第80話 セクリの特別栄養ドリンク!
吊るされていた栄養液も空になり、針も抜かれて自由の身となる。お客も誰もいなくなったことで張っていた気が風船が萎むように抜けていき、ベッドに深く沈んでいく。
「これで点滴ともおさらばかぁ……」
「でもすごい道具だよね、食べずに栄養を補給出来るなんて。ボクが生まれた頃には無かったから少し心配もあるけど」
「俺の世界じゃ当たり前に存在しているよ。とは言っても腹も空いてるし栄養足りてる気しないし……あっ、果物腐らせるのもよくないし何か用意できないか?」
「沢山泣いて水分も欲しがってるだろうしね」
「まったく……とんだ弱みを見られたもんだ……」
「ごめんごめん、でも消化しやすいように手を加えて来るね」
「助かる」
果物籠が持ち出され、お見舞いの花瓶が残る。黄色ガーベラとオレンジとピンクのバラが添えられ、鉄雄の視線はそれに向けられる。ただ、それだけで穏やかな笑顔ができていた。
セクリが向かったのは騎士団本部に備え付けられている台所。と言っても大人数で食事をするような広さは無く、一人か二人で料理ができる程度であり、大型調理設備は設置されていない。
(寮の設備と比べたらいけないけど、うん。なんとかテツオが喜んでそうなのは作れるかな)
水回りも綺麗で、鍋、フライパン、包丁と完備はされているさらに冷蔵庫も機能しており。中には何時から置いてあるか分からない調味料や水、そして保存食も備蓄されている。もはや口に入れるのが怖いレベルの物である。
よく見れば調理器具の殆どが埃を被っているものも多く、使ってこなかった事実が明らかとされる。ただ、その中で手入れされている物が一つあった。
「これって確か……ミキサー!」
ガラスの容器に底に設置された刃。寮でも使われる果物や野菜を液状になるまで細断できる器具。起動方法は無論、魔力を注入すること。
食堂も閉まり、料理もできない騎士が手に取るのがこの道具。焼く、切る、煮る、炒める等できない者にはできない、参事を引き起こさぬように栄養摂取するために使われる。
尚、野菜や果実、どう組み合わせれば美味しくなるか研究された彼等の秘密ノートが存在していると噂されている。

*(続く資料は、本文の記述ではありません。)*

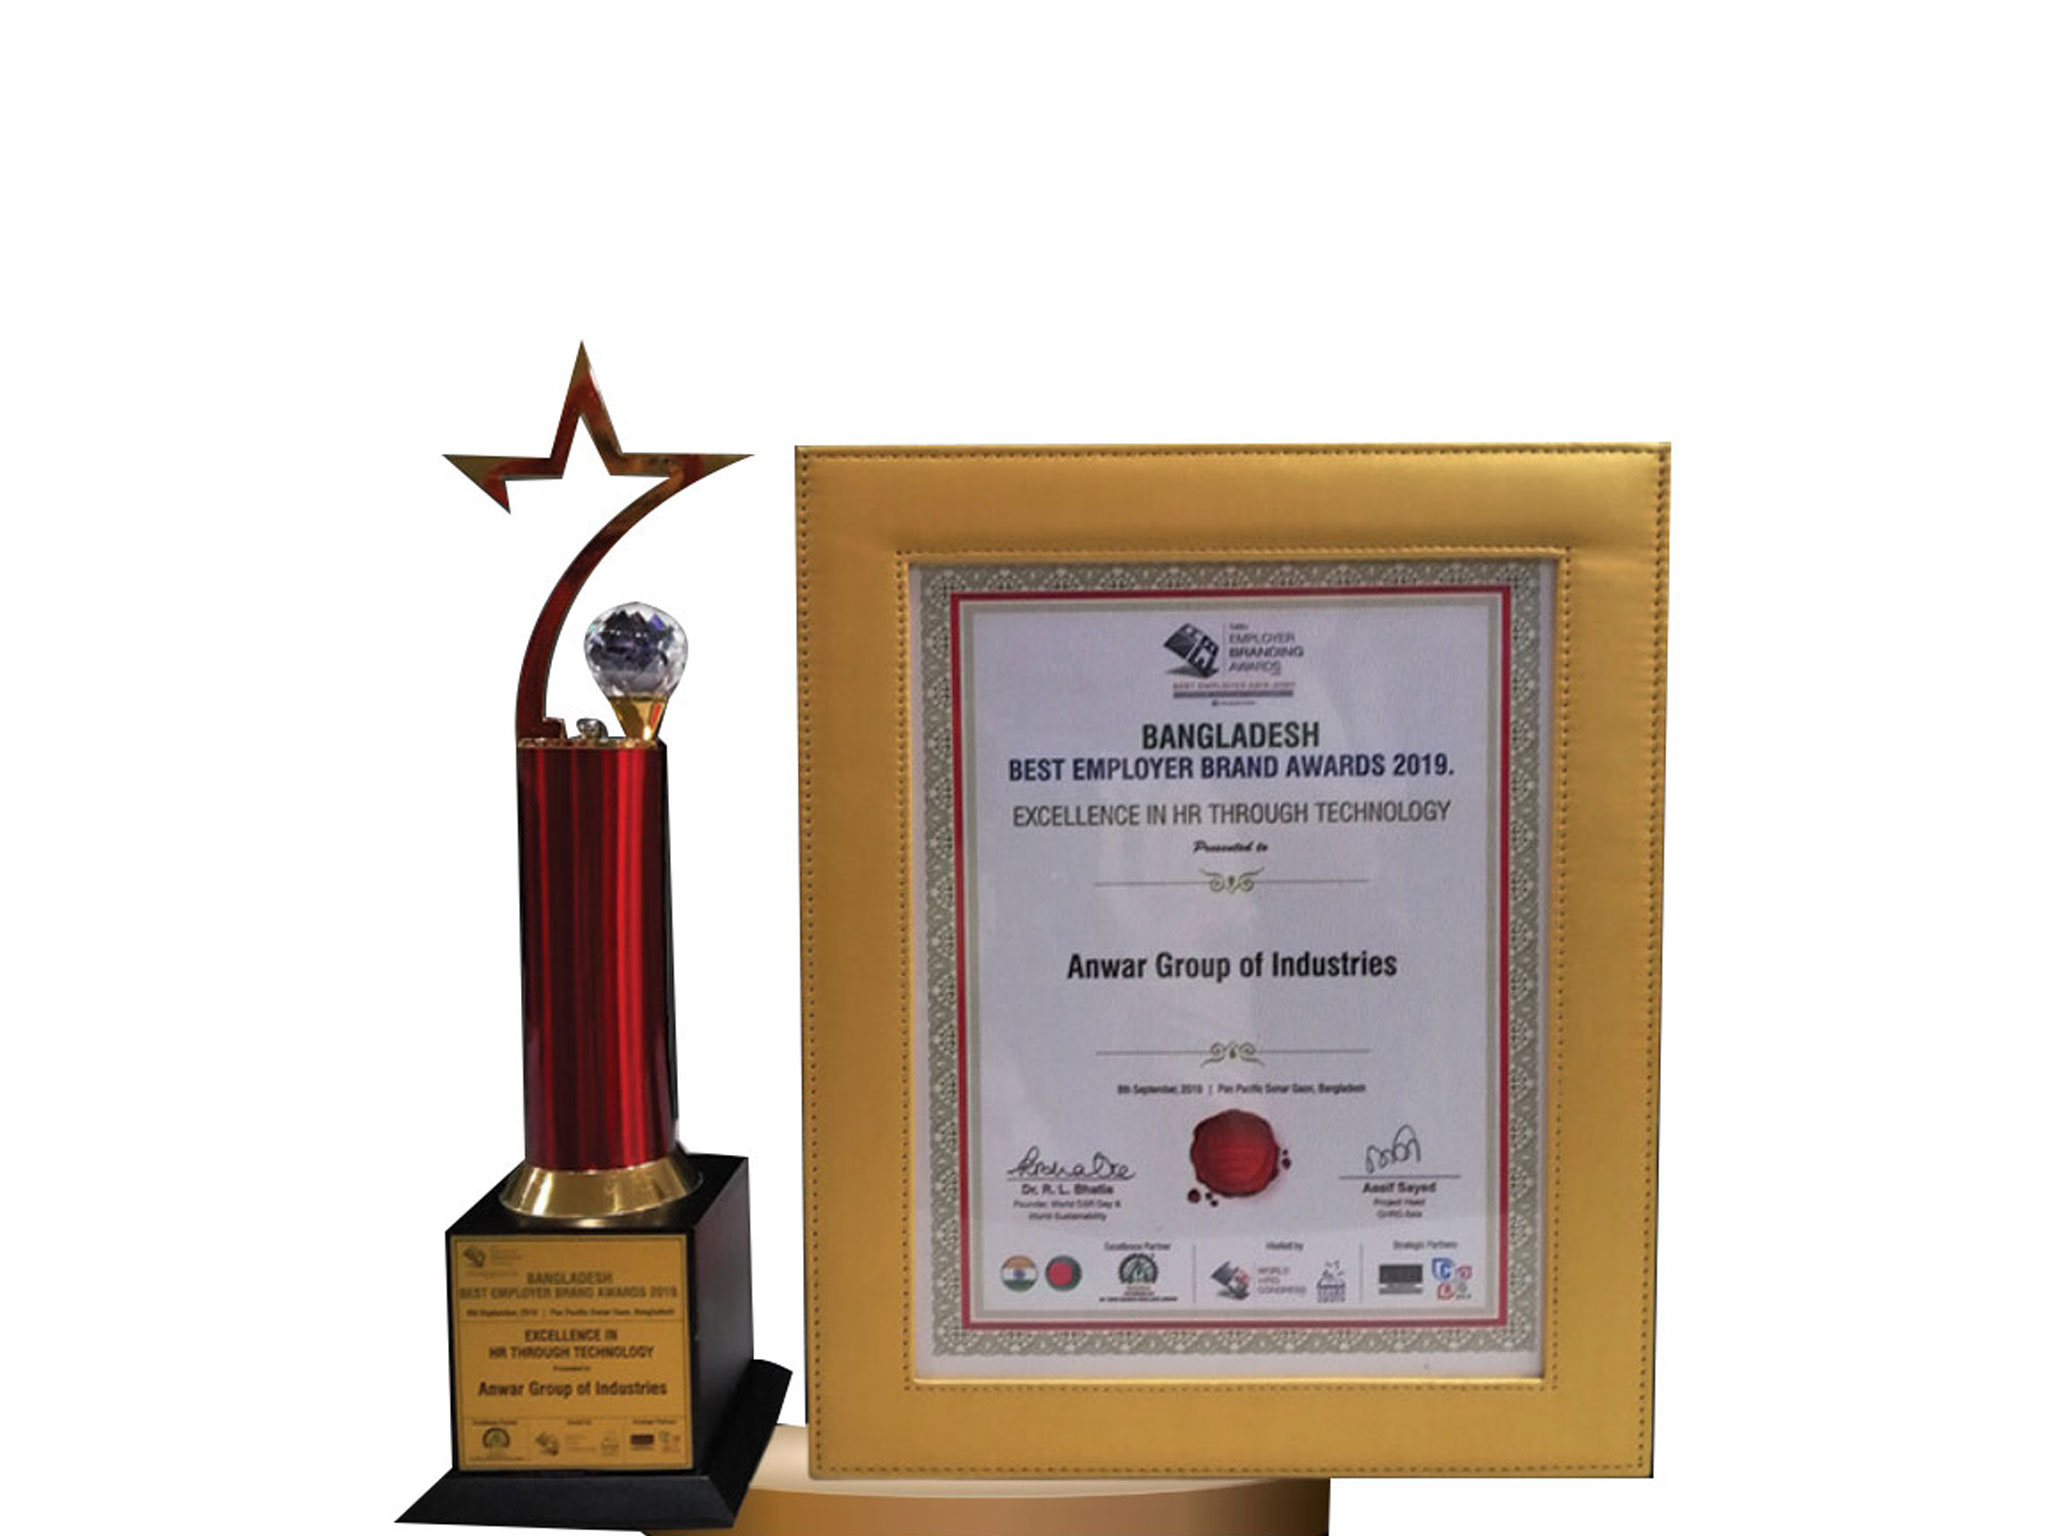 Excellence-in-HR-through-Technology-Award-by-World-HRD-Congress

(それにお見舞いのフルーツって結構お高いやつだよね確か……)
果物籠に収まっていたのはリンゴ、オレンジ、洋ナシ、ブドウ、モモ。セクリは知っている、これらはただの果実ではなくブランド名が付けられる程の優良種だと。
(確かこれは──)
リンゴ 品名「マリア」
錬金術の始祖マリア様の庭で育てられていたリンゴの樹。それを株分けし現代まで繋げた。ただ、当時と比べて気候や栄養状態が変化し味は劇的に向上してしまった。当時の味はもはや想像するしかない。
オレンジ 品名「サンレッド」
夕日のように赤い皮で包まれたオレンジ、果肉は黄色交りの白。目が覚める酸味と呼ばれ朝食によく並ぶ。スライスしシロップ煮にして使われることも多い。
洋ナシ 品名「フォン・ライトニア」
上品な甘みと舌触り、その極上のおいしさから国を代表する果物となる。他国に輸出するほどであり、国内以外では非常に高価。それでも売れ残ることは無い。
ブドウ 品名「ピュアブルー」
青い皮を捲れば純白の果肉。皮の渋さと果肉の甘さのギャップが凄まじく、殆どの人は果肉だけを食べる。ライトニアで作られるワインは殆どピュアブルーで作られる。
モモ 品名「シュガーピーチ」
非常に甘い、香りも甘ければ果肉も甘い。おまけに柔らかく食べやすい。食べた者を肥えさせるのでは? と称される果実。この実だけで作られた果糖も存在する。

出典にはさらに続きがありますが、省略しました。